__Raw data__.
········

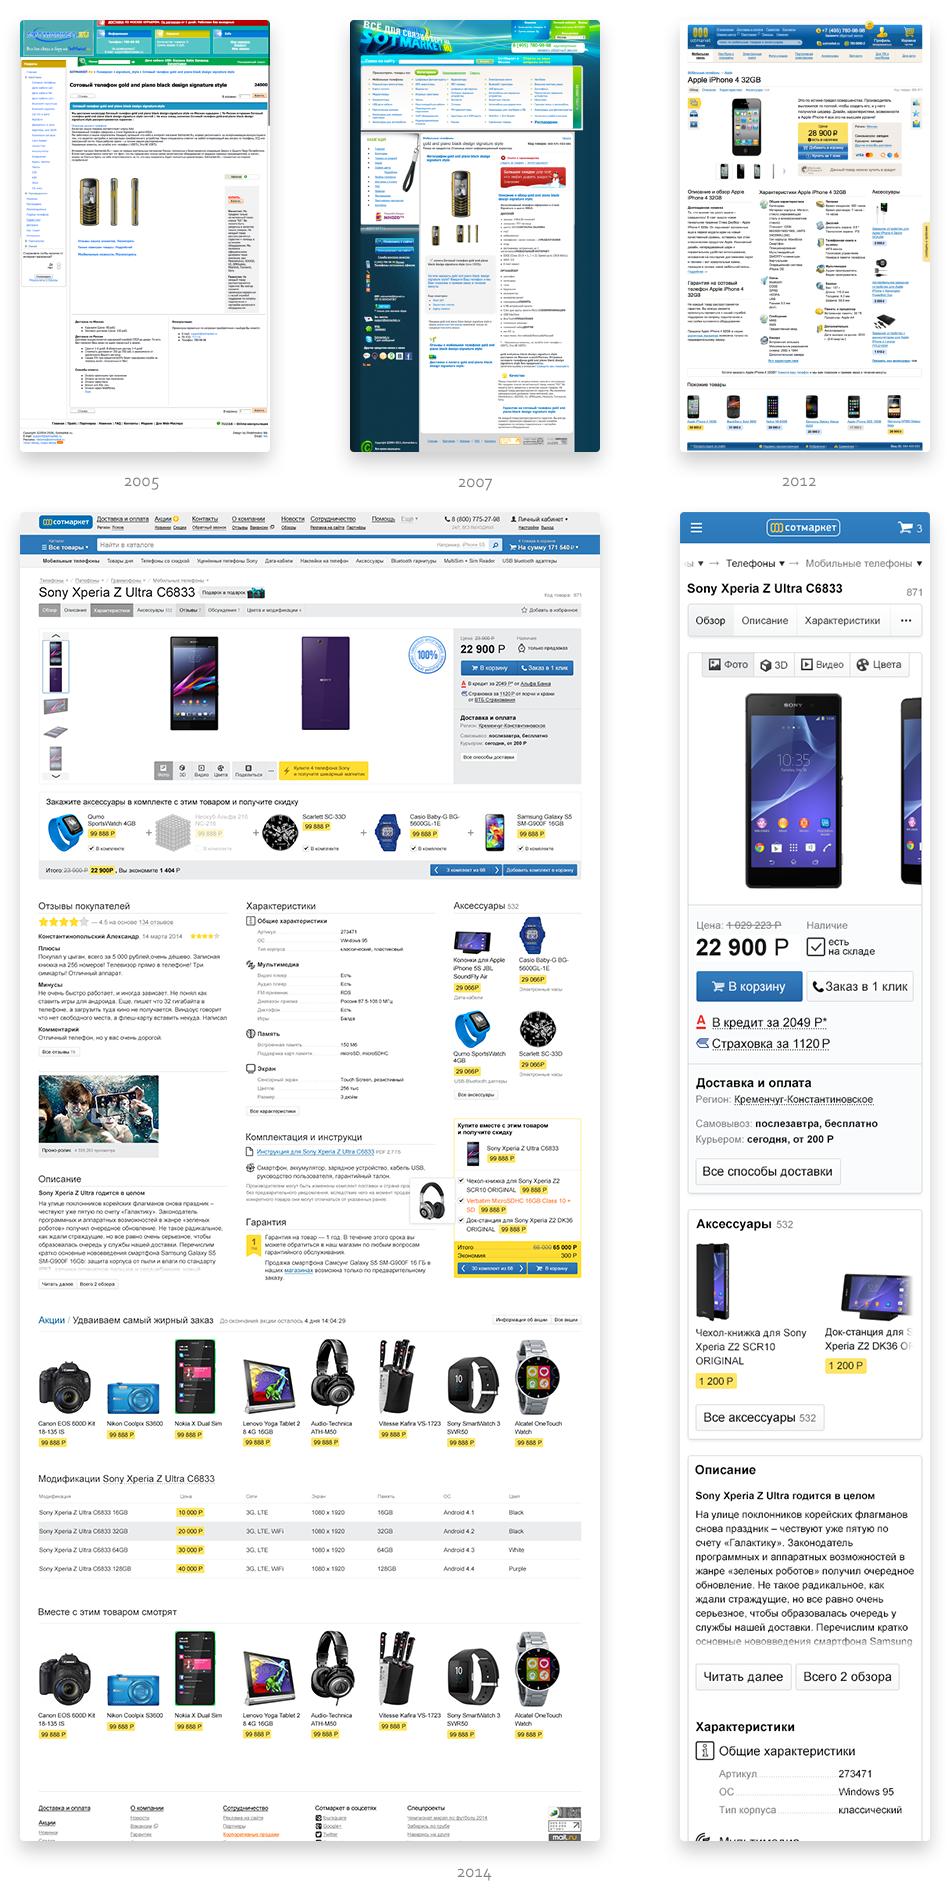 Эволюция маркетинга: от маленького интернет-магазина до гипермаркета - 3
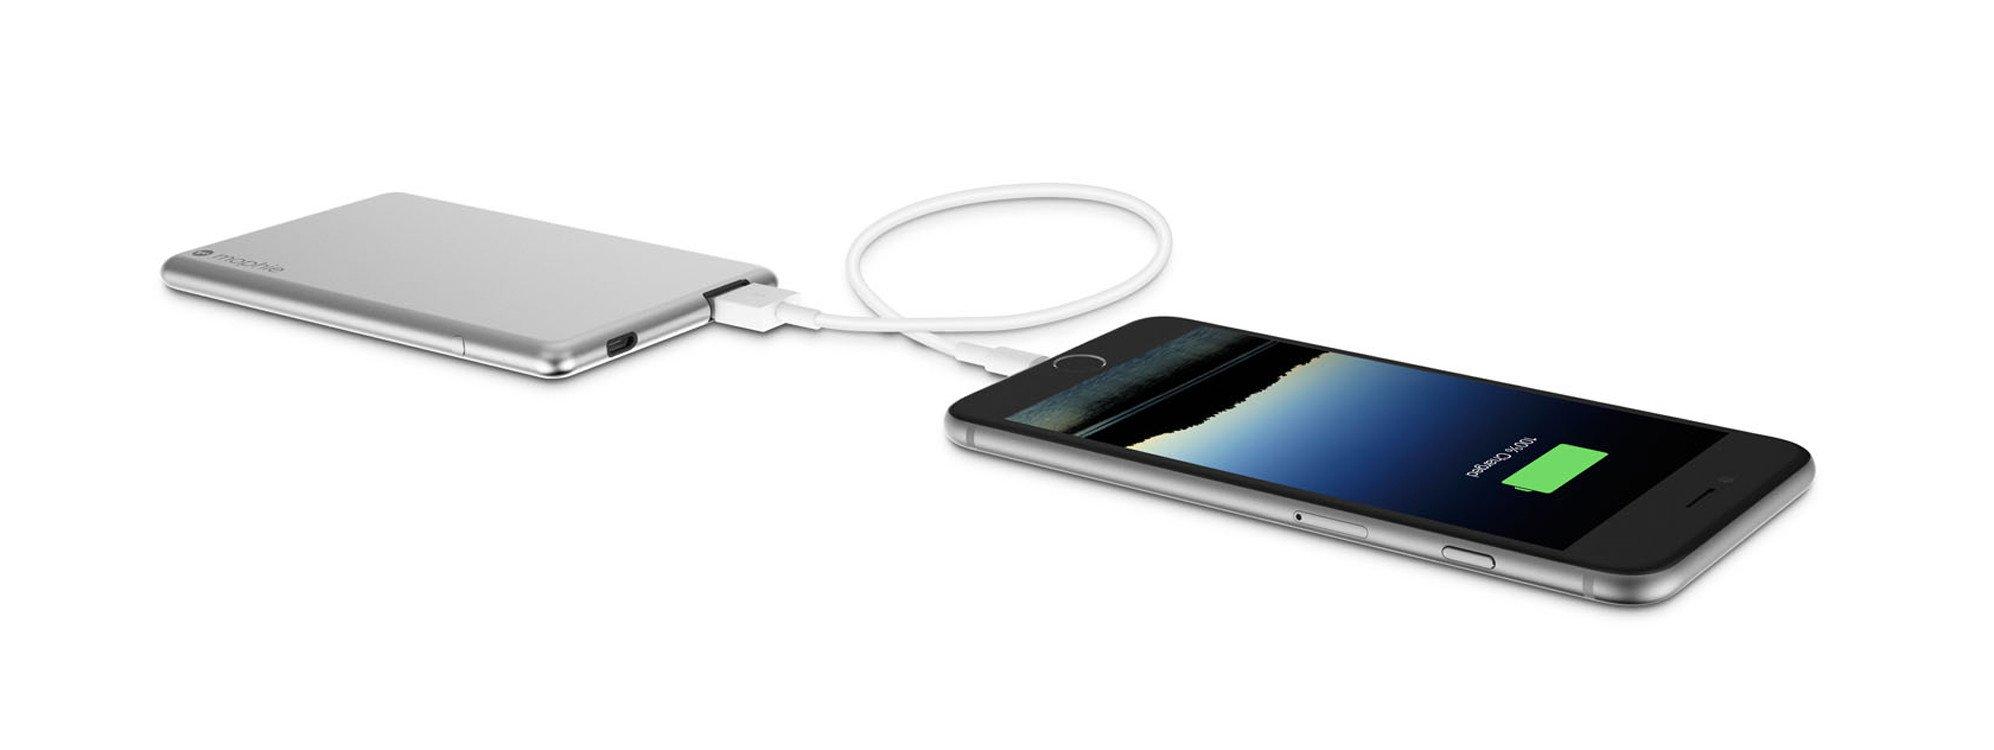 Batterie externe ou chargeur portable - Guide d'achat
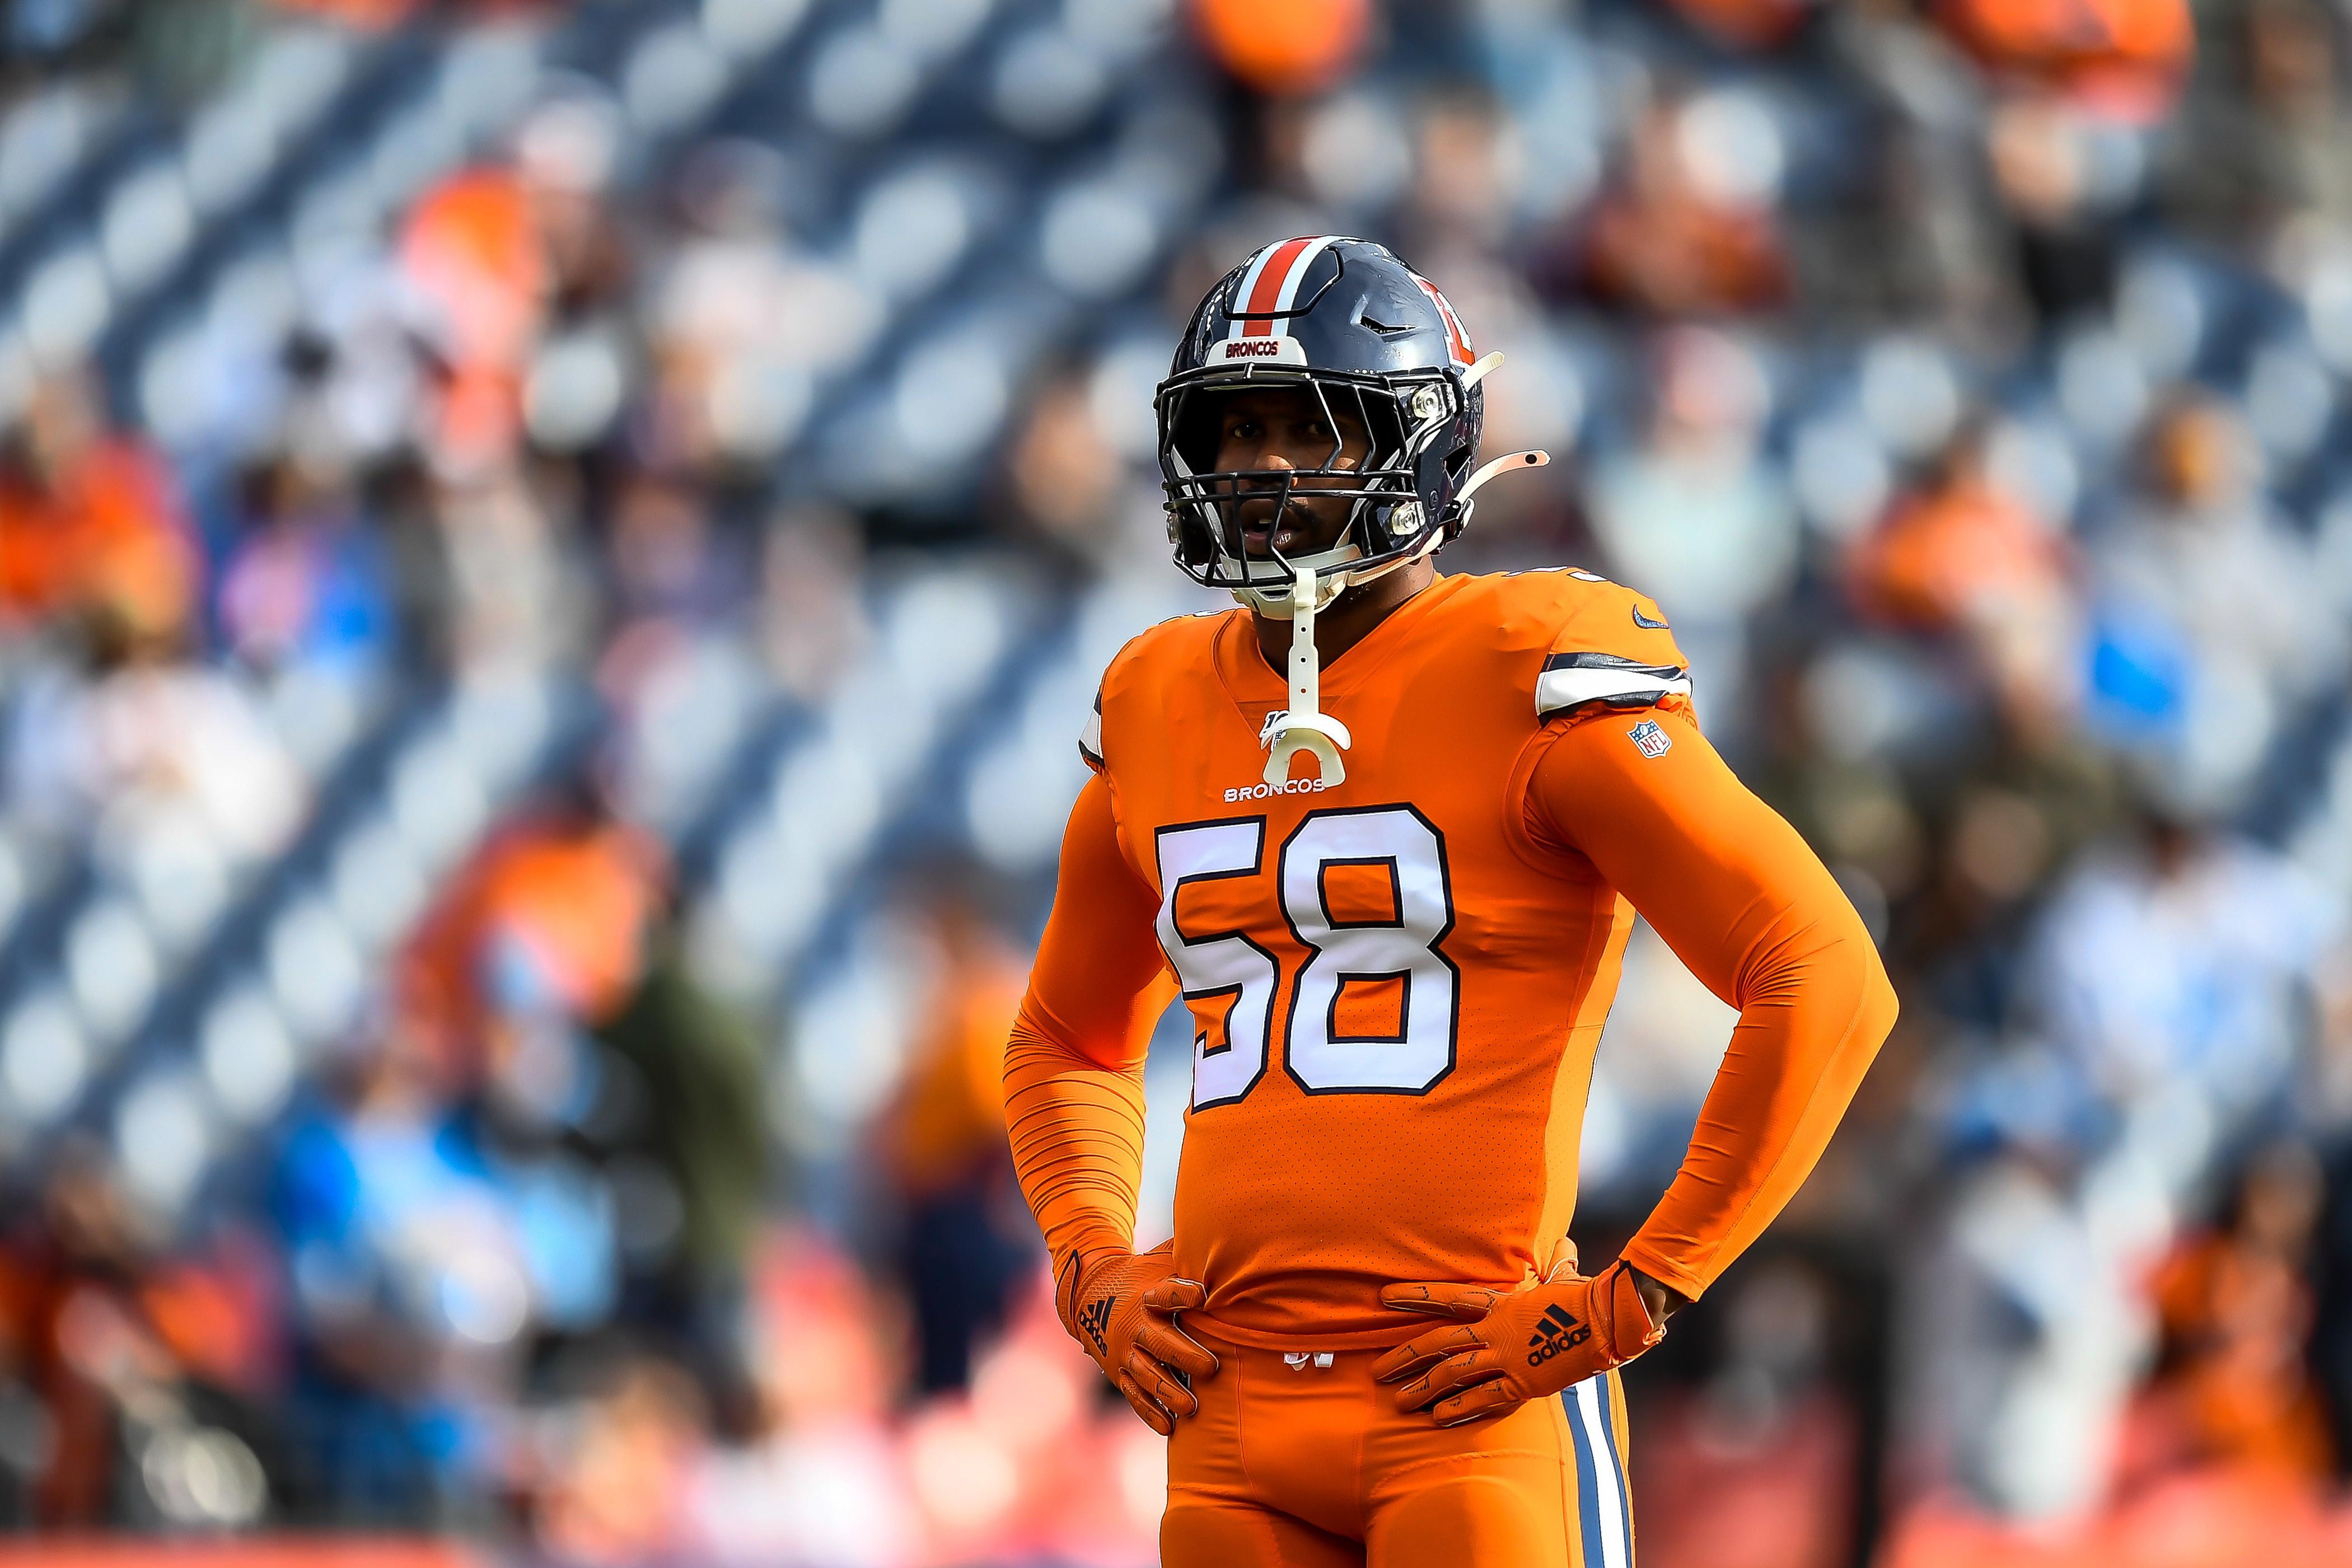 Von Miller (NFL - Denver Broncos)

········

__Activity__. The expected output is the full data above, reproduced exactly with no images.

__Output for this task__.
 Эволюция маркетинга: от маленького интернет-магазина до гипермаркета - 3
 Batterie externe ou chargeur portable - Guide d'achat
 Von Miller (NFL - Denver Broncos)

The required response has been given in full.